When we originally implemented learning, the GenerateRequest was the only mechanism we had for recording the doc. This was
one of the reasons we could only do learning if the cell was generated by AI. Learning was originally implemented
before we had ghost cells and were automatically requesting completions. In this case, a generate request had to be explicitly
triggered by the user.
We now have the LogEvents
RPC which sends a session start event whenever we activate a cell. This will include the full context. A session also
contains events for cell execution. Cell execution events include
- Actual cell executed
- Cell execution status
All sessions should include a session end event. The session end event however doesn’t include any cells.

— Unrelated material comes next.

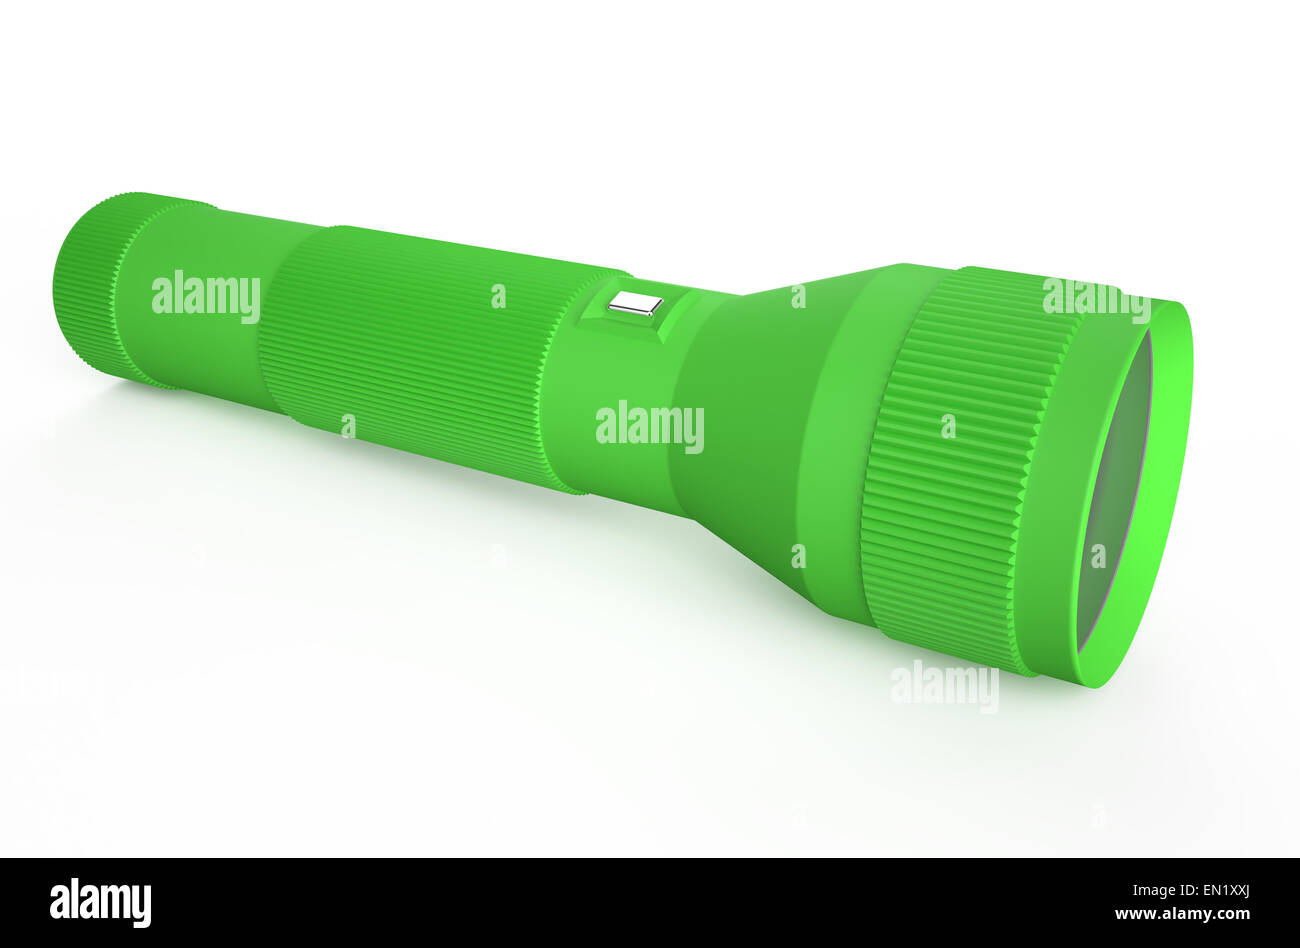 grüne Taschenlampe isoliert auf weißem Hintergrund Stockfotografie - Alamy

I believe the motivation for only learning if the user edited an AI suggestion was to improve RAG.
If the model was already accurately predicting a cell, then there was no reason to add another example of
it to our database.
Proposal: Learn Based on Sessions
The SessionProto has
most of the data we need. A session corresponds to all the edits of a cell. For a code cell
- FullContext provides a full copy of the notebook when focus was placed on a cell
- Execution event will contain the executed cell
- To test if the cell was AI generated we could fetch the BlockLog for the cell
For a markdown cell
- FullContext provides a full copy of the notebook when focus was placed on a cell
- We don’t have a copy of the cell but we could obtain it a couple ways
- The sesion that starts next will have the full context which includes the final version of the cell
- The LogEvent
reports session end and start in the same event so we could link sessions on the backend
In the case of AI generated cells, we no longer require the user to have edited the cell in order to trigger learning.
Dropping this restriction simplifies the learning logic since we don’t have to check whether a cell was AI generated and
whether it was edited.
Future Directions
In the future we’d like to extend learning to work for non-code cells.